"Up, Up, and Away" by Jonah Keri

2014 is a difficult year for Montreal Expos fans.  It’s the 20th anniversary of the strike that hurt baseball in Montreal, and the 10th anniversary of the year the team left the city for Washington, DC.  But it doesn’t mean that the Expos aren’t still beloved by people across the country, and the rumours that Major League Baseball will come back to the city aren't going anywhere.

I grew up on the Montreal Expos.  To this day I still find it strange to watch baseball on television without French commentary.  The Expos logo factored heavily in my childhood wardrobe and I could find my way to the stadium on the Metro long before I could find the way to my hometown team on the subway.  So when I saw the book Up, Up, and Away: The Kid, the Hawk, Rock, Vladi, Pedro, le Grand Orange, Youppi!, the Crazy Business of Baseball, and the Ill-fated but Unforgettable Montreal Expos by Jonah Keri, I knew it was going to be a grand slam.
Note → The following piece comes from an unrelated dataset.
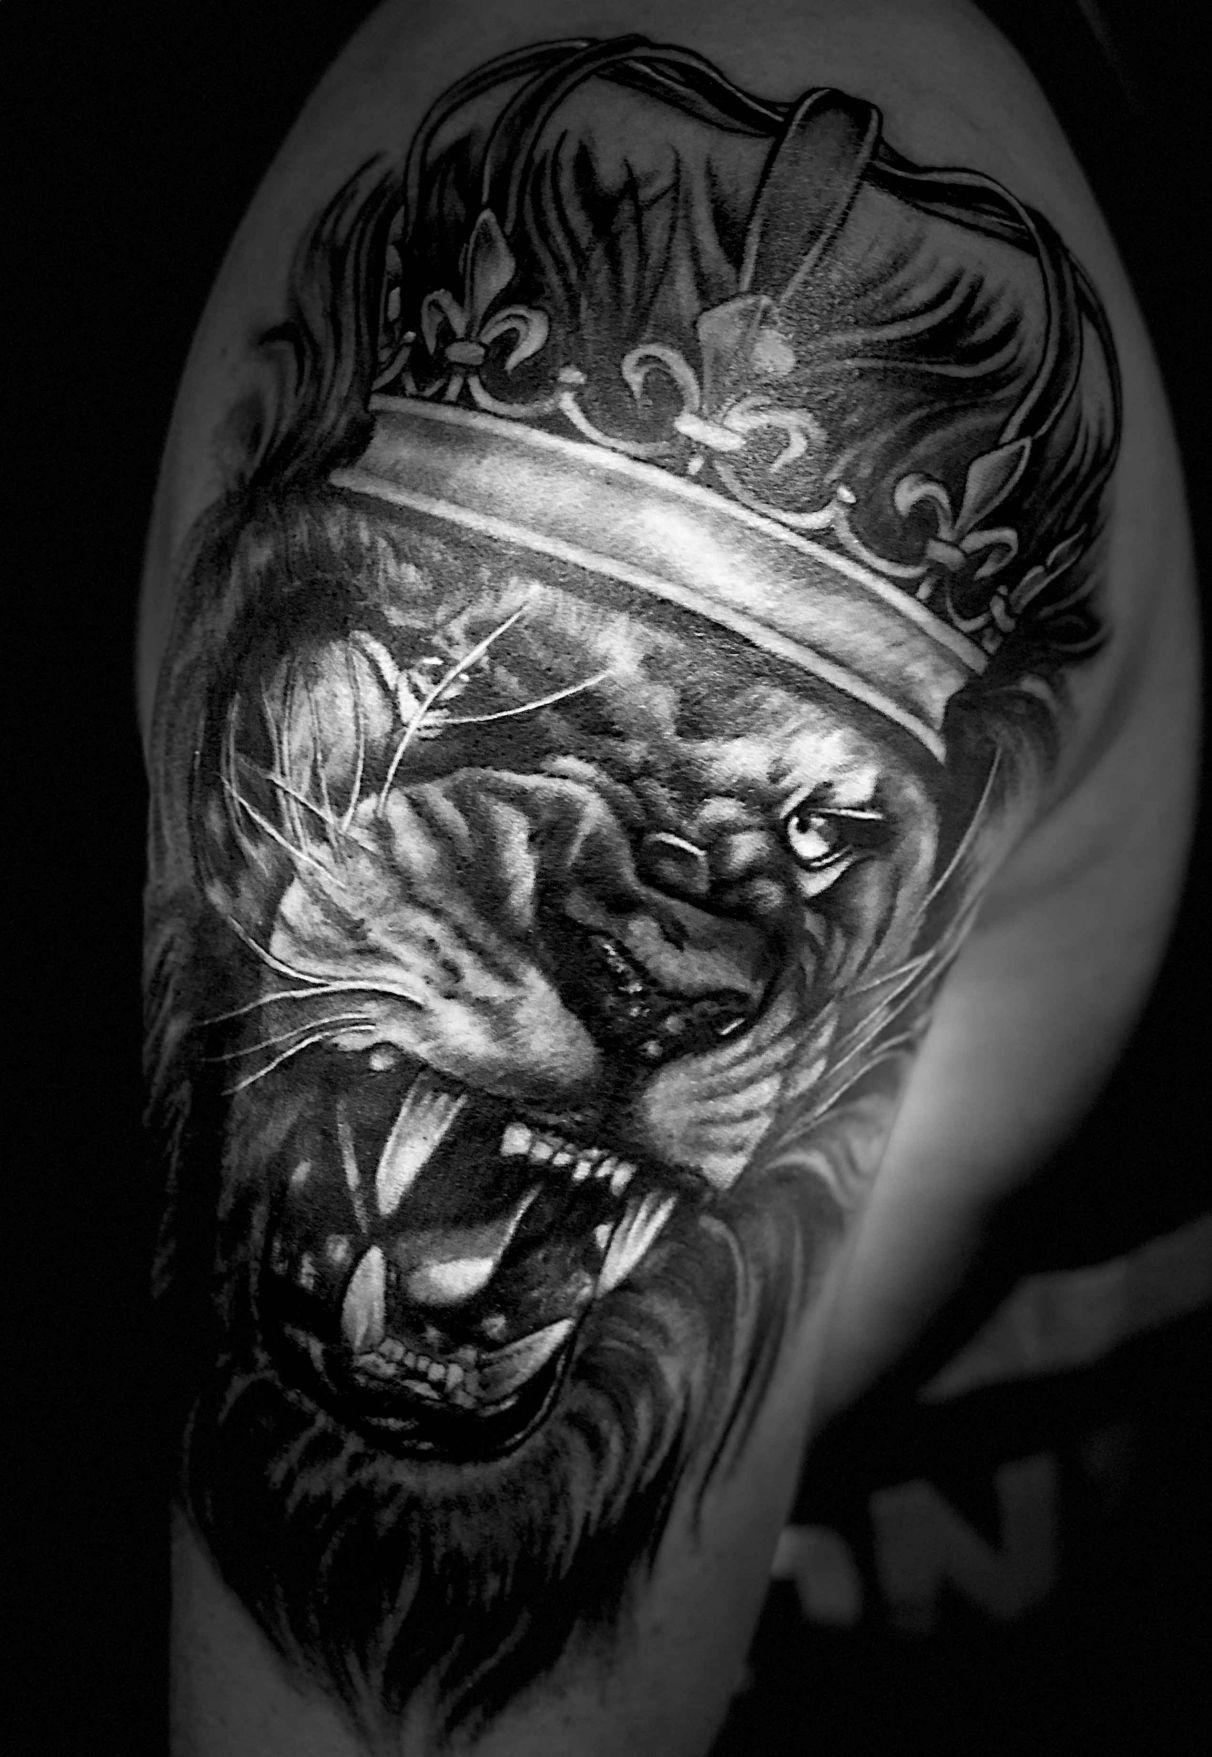  Tattoo-Design eines Löwen

Every so often a new book about the Expos comes out and I always buy them for my dad.  But this is the first book I have found that expertly covers the history of the ball club from beginning to end.  Keri grew up in Montreal so in addition to adding the perspective of a lifelong fan, he seems to have interviewed everyone he could find ever attached to the club, including the people responsible for some of our more negative memories.  Players, owners, politicians, fans, all of their perspectives are brought to the book.

I was born after the Expos came to Montreal so most of the first half of the book was all new information to me and filled in the stories my dad told me of the team growing up.  But the second half was a beautiful stroll down memory lane.  My husband sat on the couch next to me as I yelled out names (“Andres Galaraga!”, “Delino DeShields!”) and we reminisced of many great baseball memories.

There are so many great stories directly from the players, the anecdotes are the strength of this book.  I also loved the inclusion of the drawings from Montreal editorial cartoonist Aislin and extras like the collection of French baseball terms.  I only wish there had been more photographs than what were included, I feel as though there was so much more that needed to be in pictures.


This book is a love letter to a team and to a city and anyone interested in baseball will appreciate it.  You don’t have to be an Expos kid like me to enjoy the book, it’s also about the business of sport, what goes on off the field to bring it to us, and the dedication of those who watch.  Five out of five stars to this book, not just for the memories, but also for the accomplishment of putting the whole story of the Expos to paper.

I received a copy of this book courtesy of Random House of Canada.  The opinions expressed above are purely my own.